Then she spotted one drone spinning in circles. Not just turning—spinning. Wildly. Almost ridiculously. 

Yep. That had to be her. 

Dora zipped toward her, but just as she arrived, a chat window blinked open. 

JONQUIL:
OMG… That is Dr. Elara Xing’s daughter. She is NOT supposed to be here. 

She was hit by a truck back in the ’70s. Elara created this entire program to bring her back—to make her immortal in some way. The theory was, if biological resurrection wasn’t available, consciousness could be preserved digitally. Molly was the first test subject. 

It was always rumored she existed, but no one believed it. The tech just wasn’t there. Or so we thought. 


SIMON:
Jonquil, you clearly know more than most of us. Have you shared this info yet? Could you share it with the group? 


DORA:
Maybe leave out the part about Molly’s mom for now?  I’m with Molly now. 


SIMON:
Yes, good point. Thanks. Ok, we’ll be over there in a sec. 


Jonquil and Simon glided over to where Dora hovered, just beside the spinning drone. 

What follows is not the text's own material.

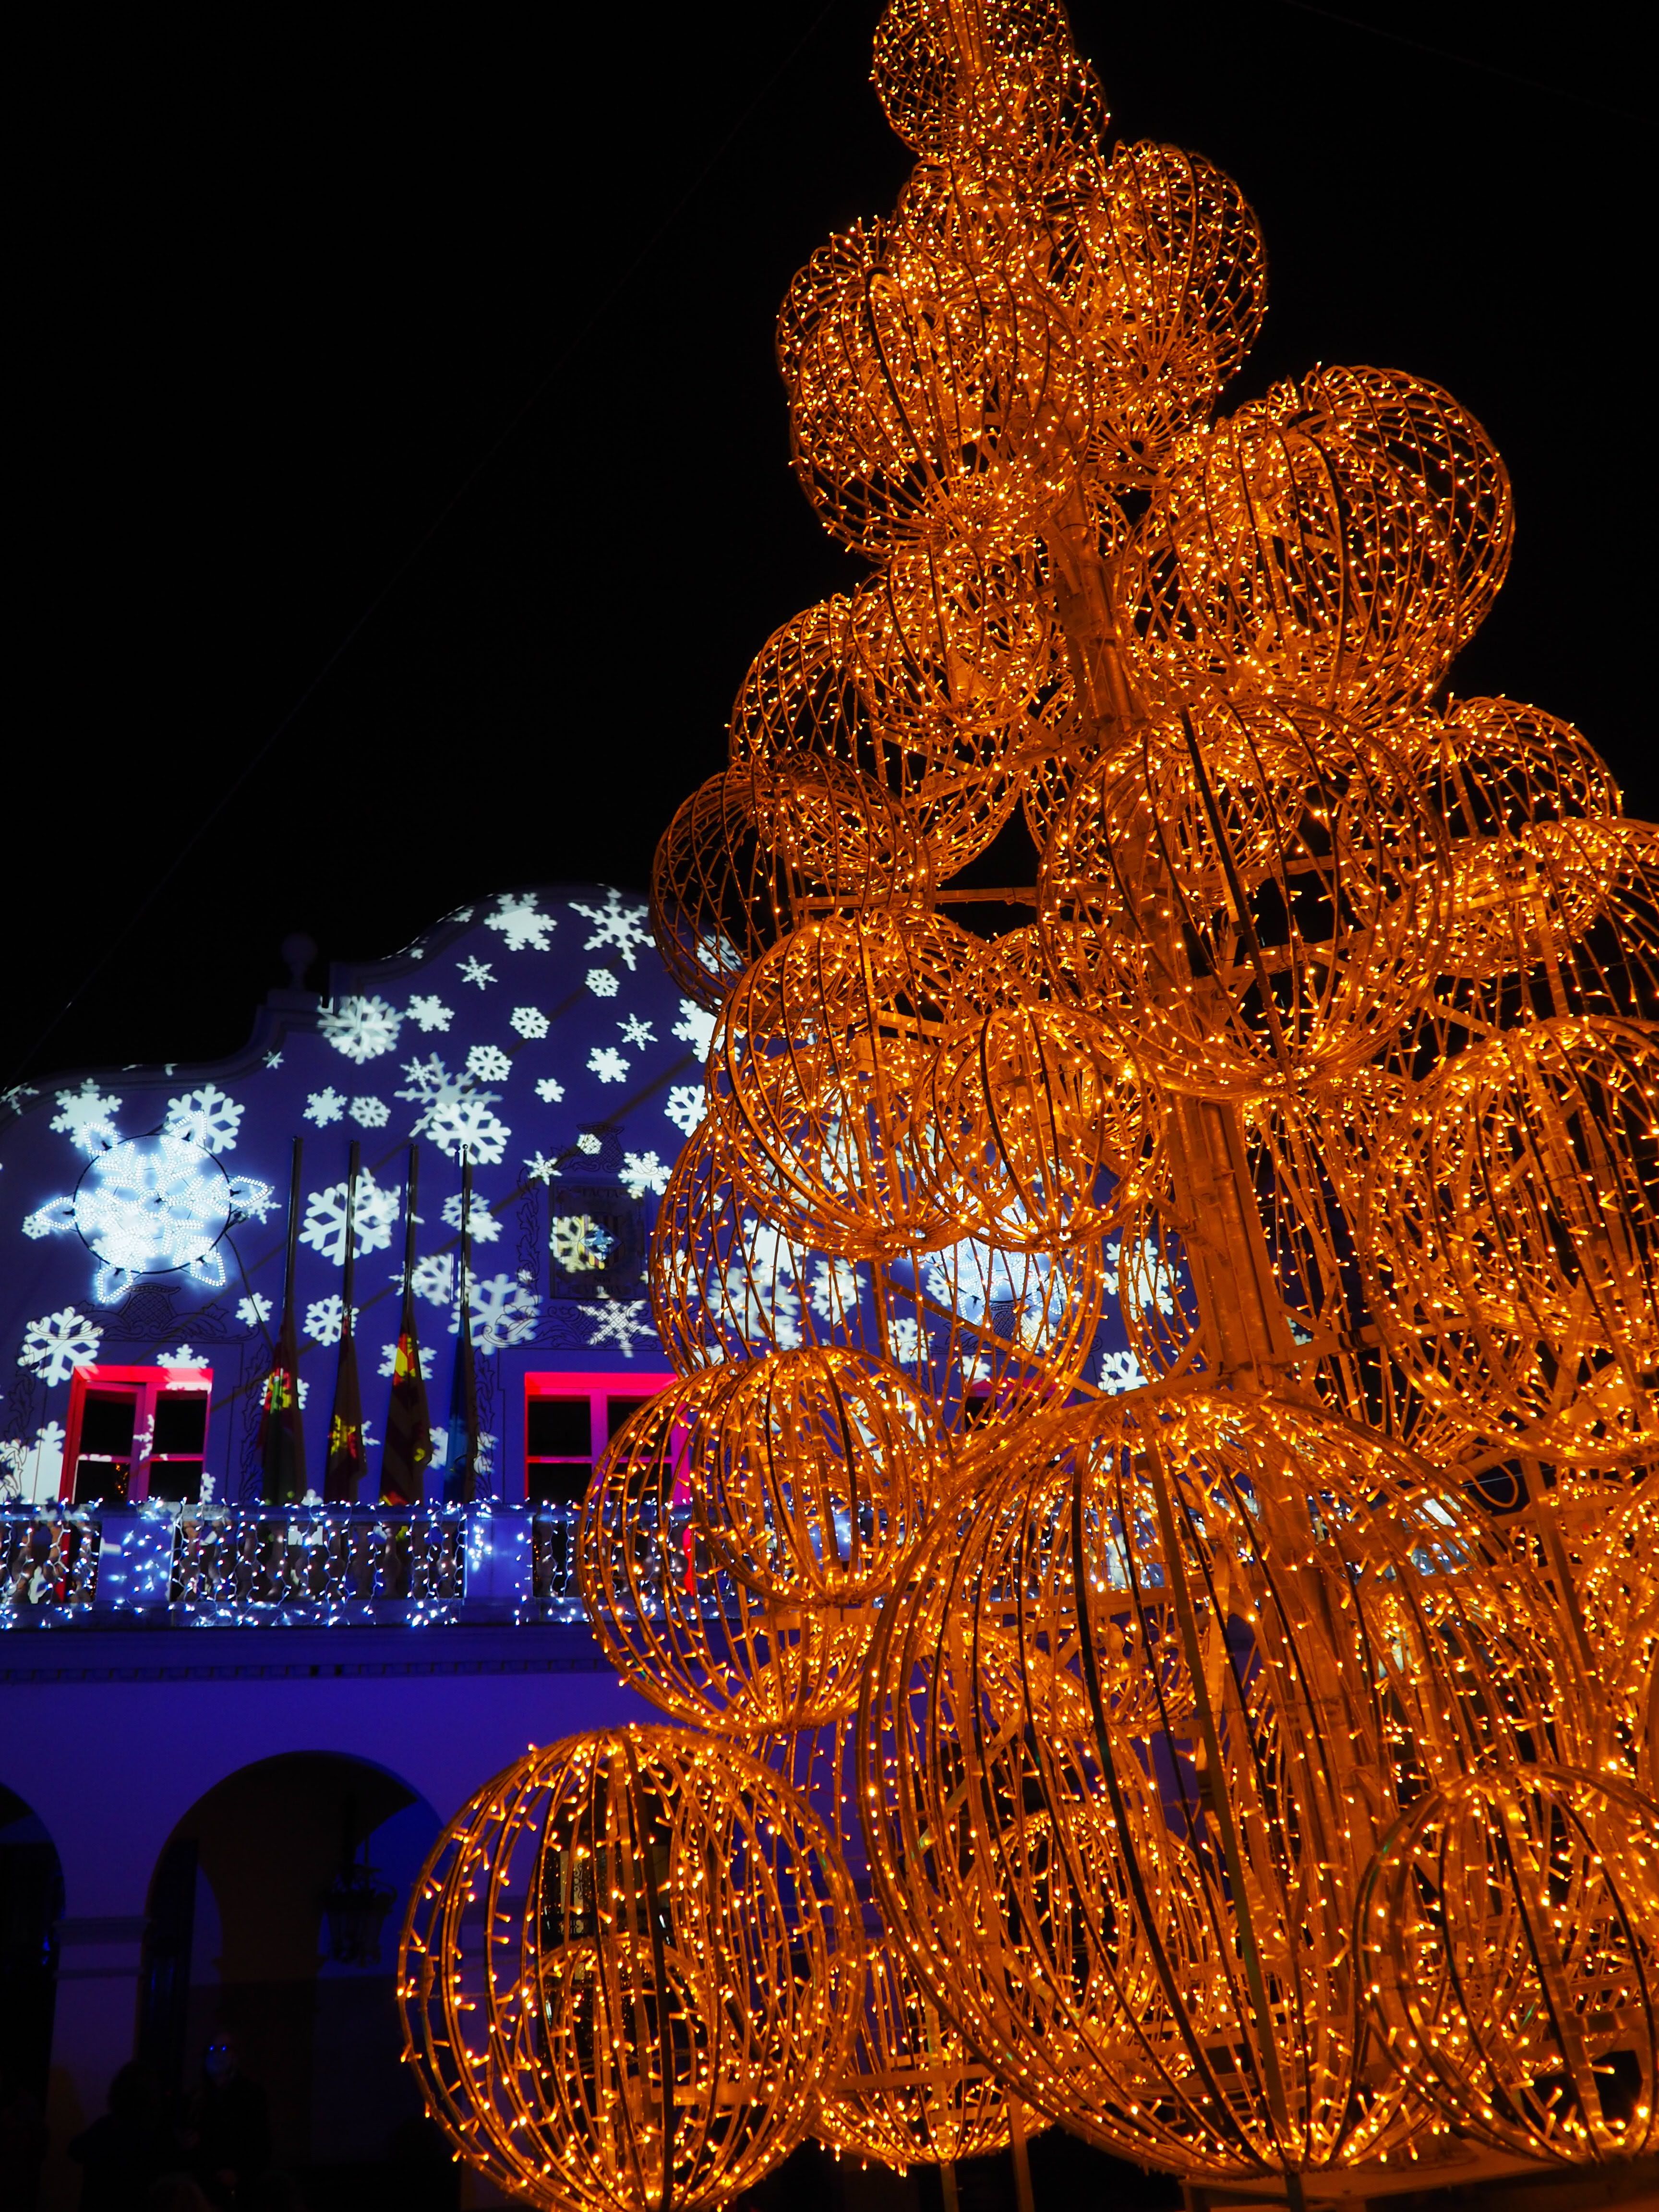 Encesa dels llums de Nadal a Cerdanyola. FOTO: Mónica GM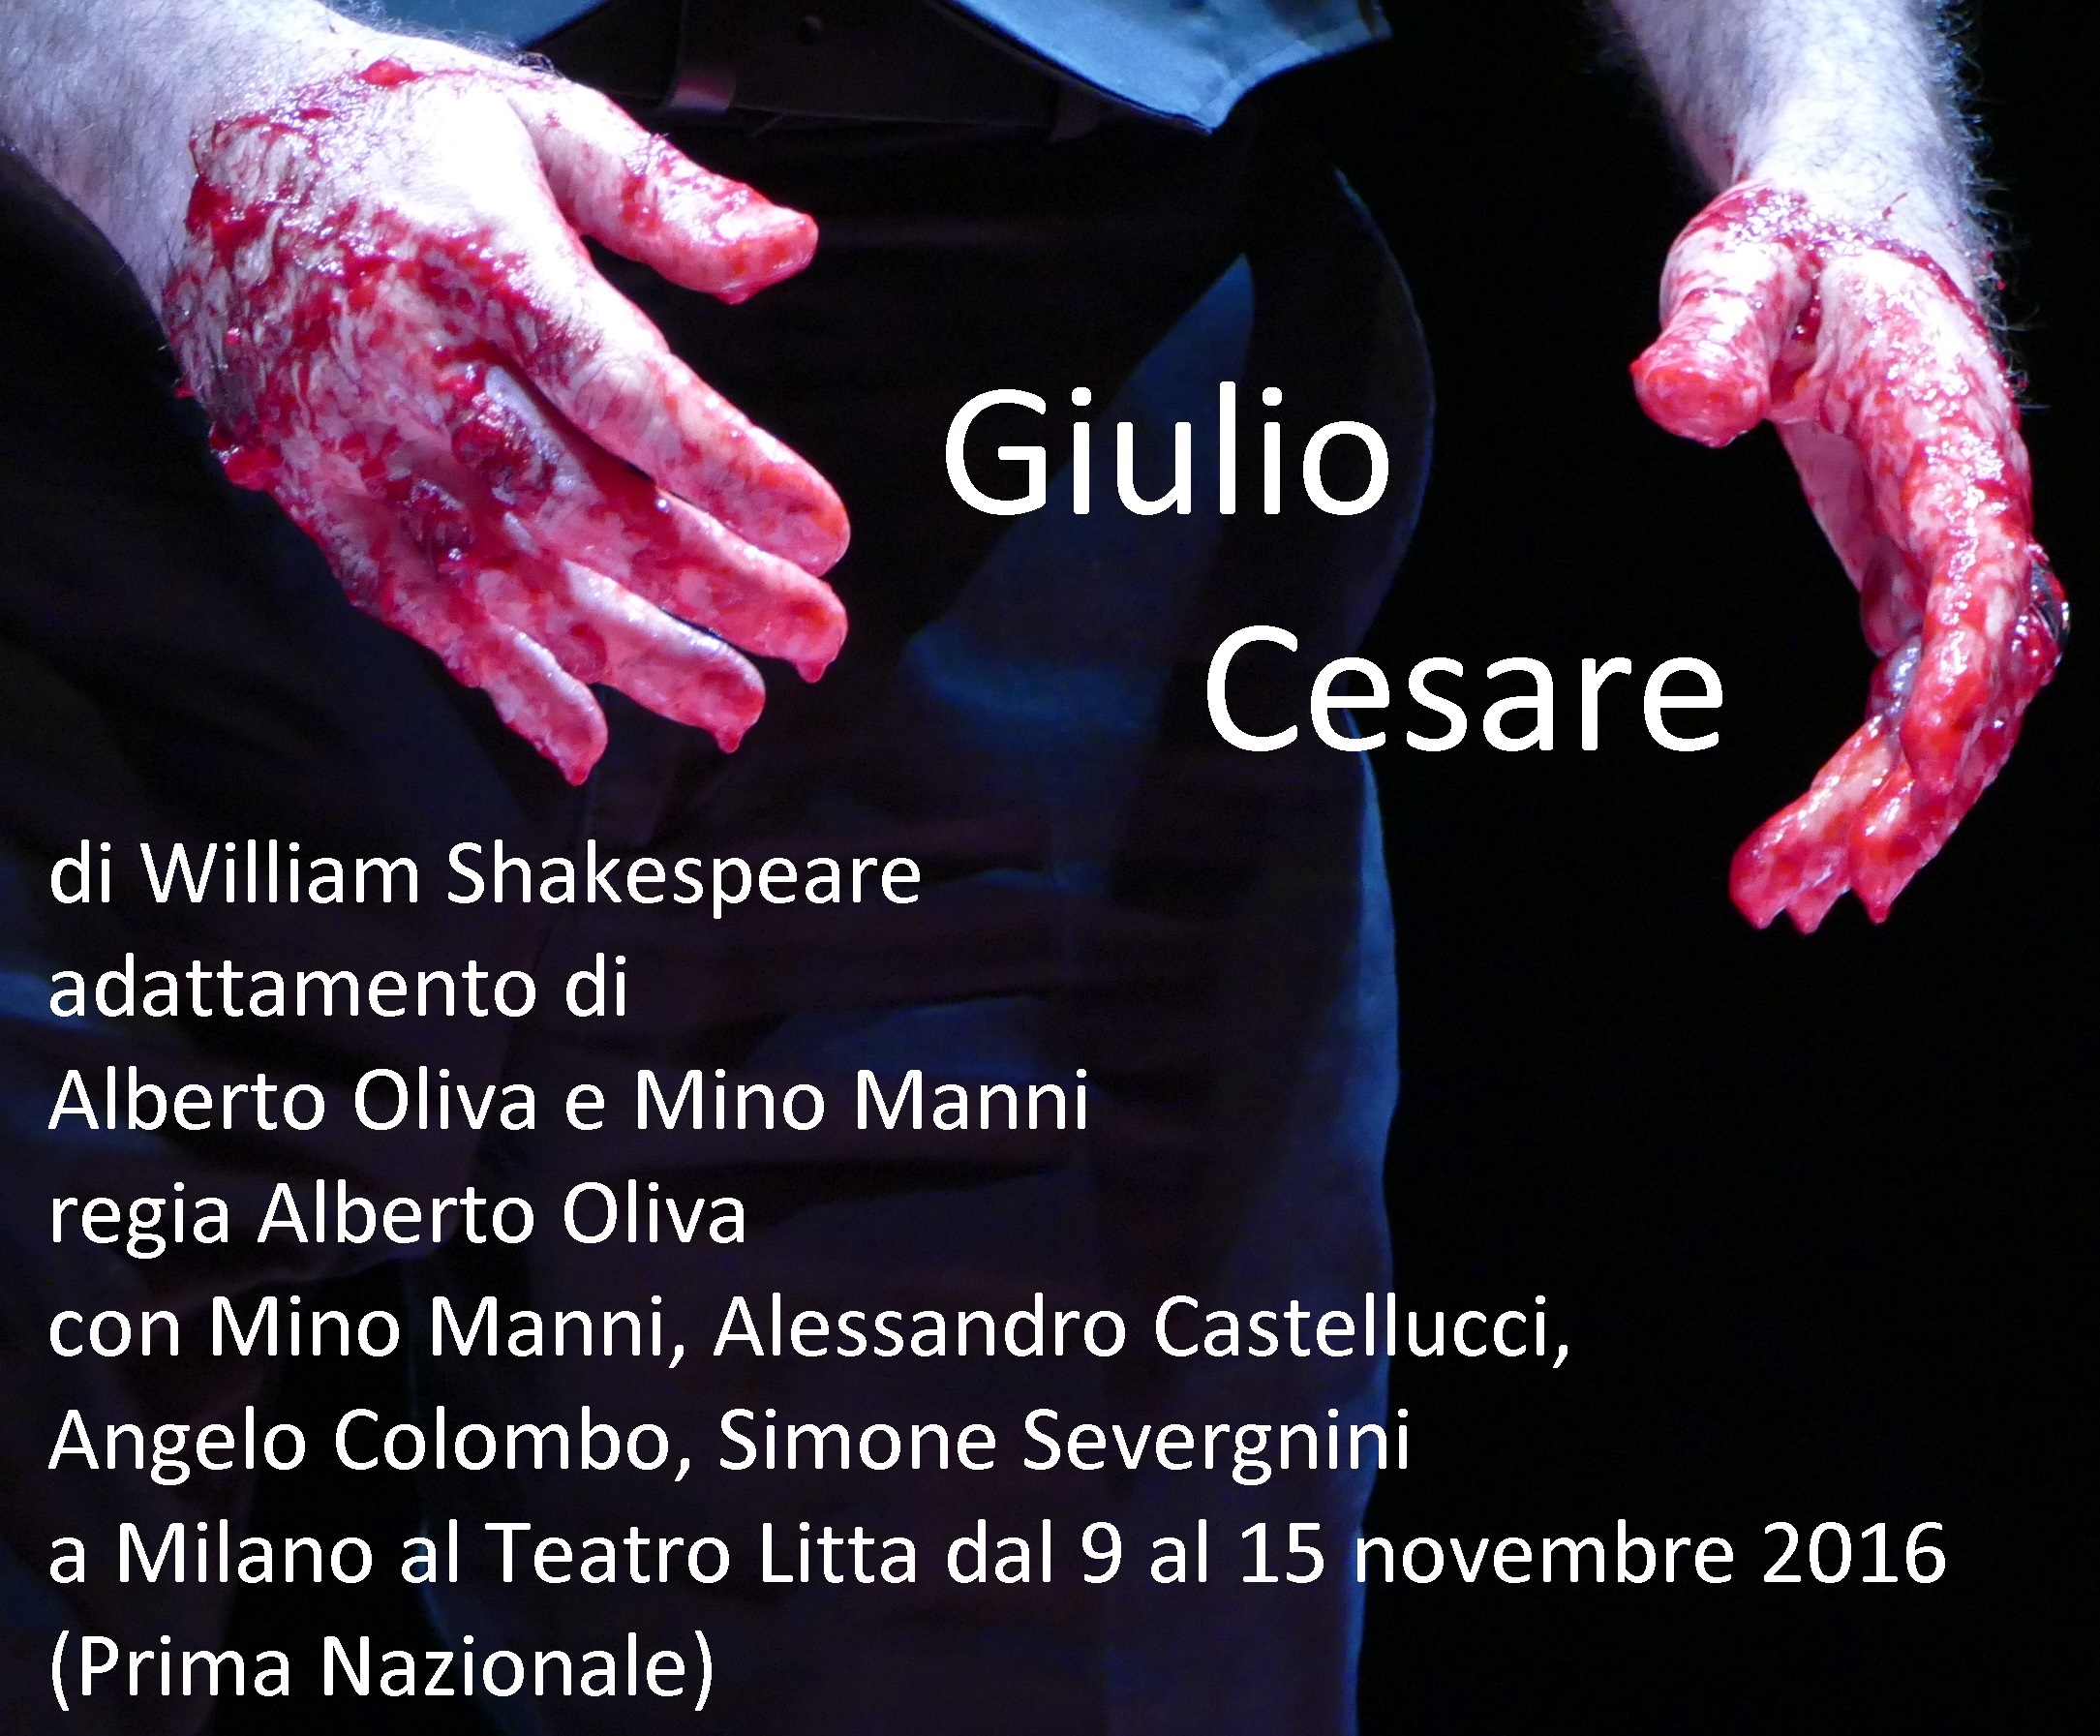 Teatro Litta Giulio Cesare Alberto Oliva

“Hi,” Dora called gently. “Are you Molly?” 


The drone suddenly stopped. 


There was a beat of silence. Then, without answering the question directly, the drone exclaimed: 

“It’s SO weird! When I used to do this, I’d get REALLY dizzy—I’m pretty sure I’d be puking by now. But I could do this forever now! And I DON’T GET SICK!” 


Yep. 

This was definitely Molly. 


As Jonquil considered sharing her memories relating to Molly, she debated sanitizing the memory, especially in case Molly saw it.

She hovered for a moment, weighing how much to redact—how much to protect. 

But then she remembered: Molly probably couldn’t read yet. 

With a resigned flick of her internal menu, Jonquil uploaded the whole shebang—at least, as much of it as she felt comfortable sharing for now. 


Collective Memory Bank: File 16 of 16
ID: Dr. Jonquil Stone 

They called it The Ark Initiative. 

When I first joined, I believed in it. I think we all did. The world had already started to fracture—quietly at first, like a hairline crack in glass. We watched storms reshape coastlines, watched our crops dry and wither like old paper. We made jokes about learning to eat crickets. We rationed water without calling it that. 

I remember the day I got the call. I was still at the university then, teaching neural mapping and quietly running simulations for cognitive load-sharing systems—models that would later become one of the foundations for memory transfer protocols. I thought I was being recruited for a think tank. 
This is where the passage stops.